Optionally, the process 700 can be implemented in a manner that requires the user to confirm the actual blood glucose level using a blood strip reader (as a verification of the level detected by the continuous monitoring device 50) prior to moving to the subsequent operations in which the controller device 200 enters the low glucose recovery mode. As previously described, in such optional embodiments, the controller device 200 may be permitted to enter the low glucose recovery mode if the glucose level detected by the blood strip reader is within a predefined range of the lower threshold level (e.g., if the blood glucose level detected from the blood glucose reader is within 15% of the lower threshold level).

When the infusion pump system predicts that a low glucose level will occur in the near future, the pump controller can be configured to initiate or suggest one or more countermeasures in response. A number of countermeasures are described herein in connection with process 700.

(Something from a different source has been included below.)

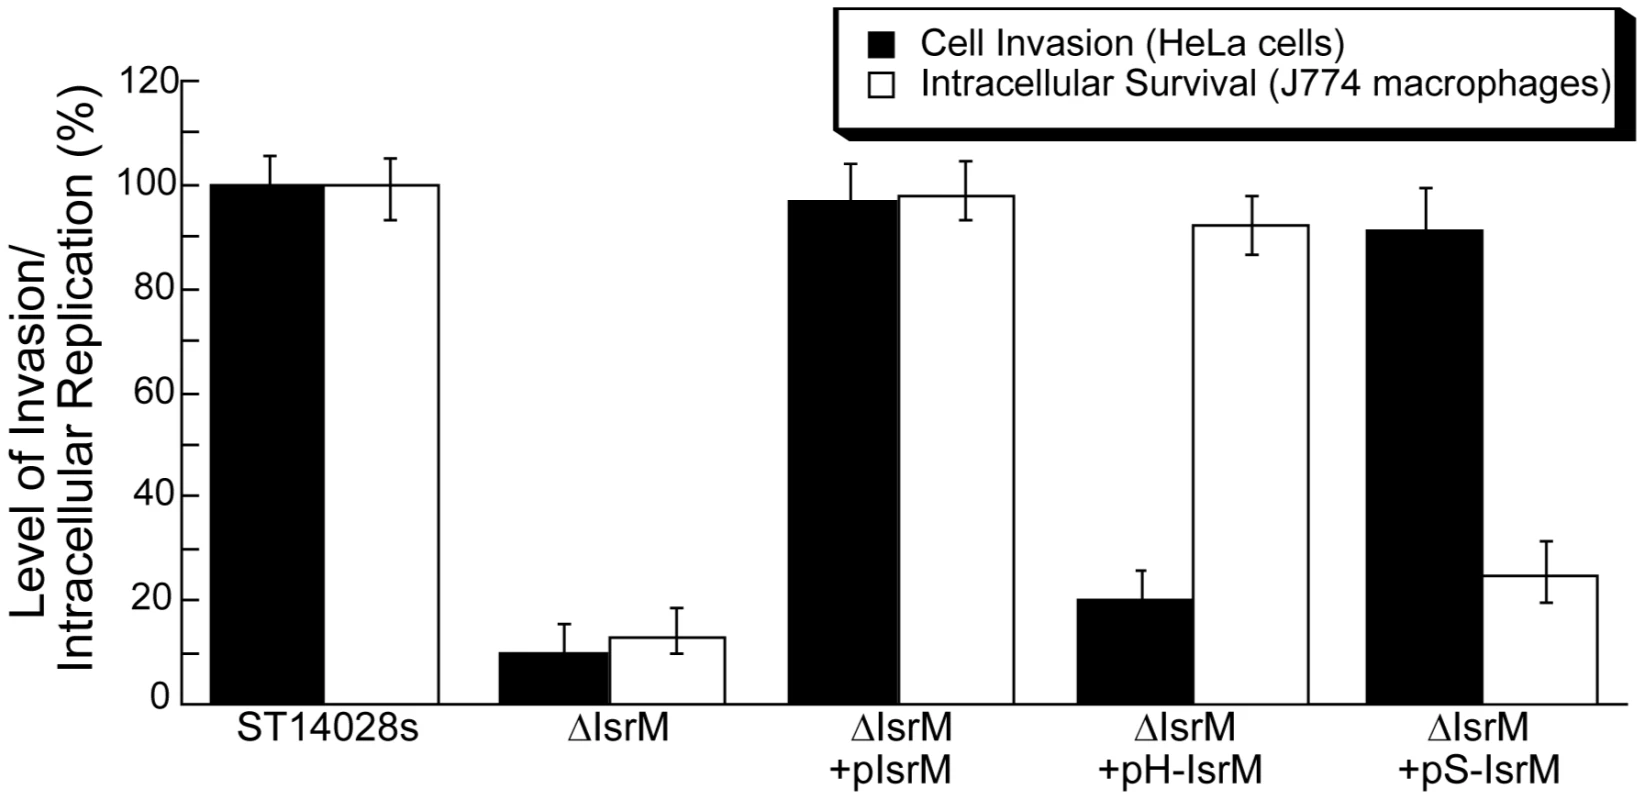 Epithelial cell invasion and intracellular replication in macrophages.

For example, the process 700 may optionally include operation 714, which causes the immediate cancelation any remaining bolus dosage that has not yet dispensed to the user. In general, the user may select one or more bolus deliveries, for example, to offset the blood glucose effects caused by the intake of food. The bolus dosages can be dispensed over time in user-selected amounts based on calculations made by the controller device 200 in response, for example, to an indication from the user of how many carbohydrates they plan to consume. In some embodiments, the entire bolus amount may not be infused within a short time frame (e.g., within minutes). Rather, infusion of the bolus amount may be spread over a greater period of time (e.g., a period of an hour or more in some circumstances). Operation 714 depicts a scenario where a low blood glucose event is predicted during a period of time over which a bolus amount is being infused. In such a scenario, the controller device 200 can cancel any remaining bolus amount—in order to prevent causing the user's blood glucose level, which is already predicted to fall too low, from being driven further lower still. IN some embodiments, the operation 714 may be performed automatically (without user input) after infusion pump system predicts that a low glucose level will occur in the near future. Alternatively, this operation 714 may be performed only after confirming that the user accepts this countermeasure (e.g., only after receiving user input) in response to the infusion pump system predicting that a low glucose level will occur in the near future.

At operation 716, the controller device 200 can output an alarm in association with the predicted low blood glucose event. For example, the user can be presented with an alarm/alert message that communicates to the user that a future low blood glucose event is predicted, and that asks whether the user would like to enter a low glucose recovery mode (see, e.g., the display 222 of FIG. 1). That is, the controller device 200 can communicate a predicted low blood glucose alarm/alert to the user (e.g., an audible alarm or alert, display of text on the display 222 describing an alarm or alert, a vibratory alarm or alert, another communicative output, or a combination thereof). Optionally, the controller device 200 can also prompt the user to take remedial action to correct the predicted low blood glucose level. In one example, the controller device 200 (via user interface 220) can suggest that the user consume some food to increase their blood glucose level, and can prompt the user to accept, modify, or decline the suggestion. The controller device 200 can also prompt the user to enter information about a meal that the user may have consumed, but forgot to enter into the user interface 220. In another example, the controller device 200 can use a cellular phone network (for example, via Bluetooth connectivity with a nearby cell phone or via a cell phone communication equipment installed in the controller device 200) to call an emergency contact number programmed in the controller device 200.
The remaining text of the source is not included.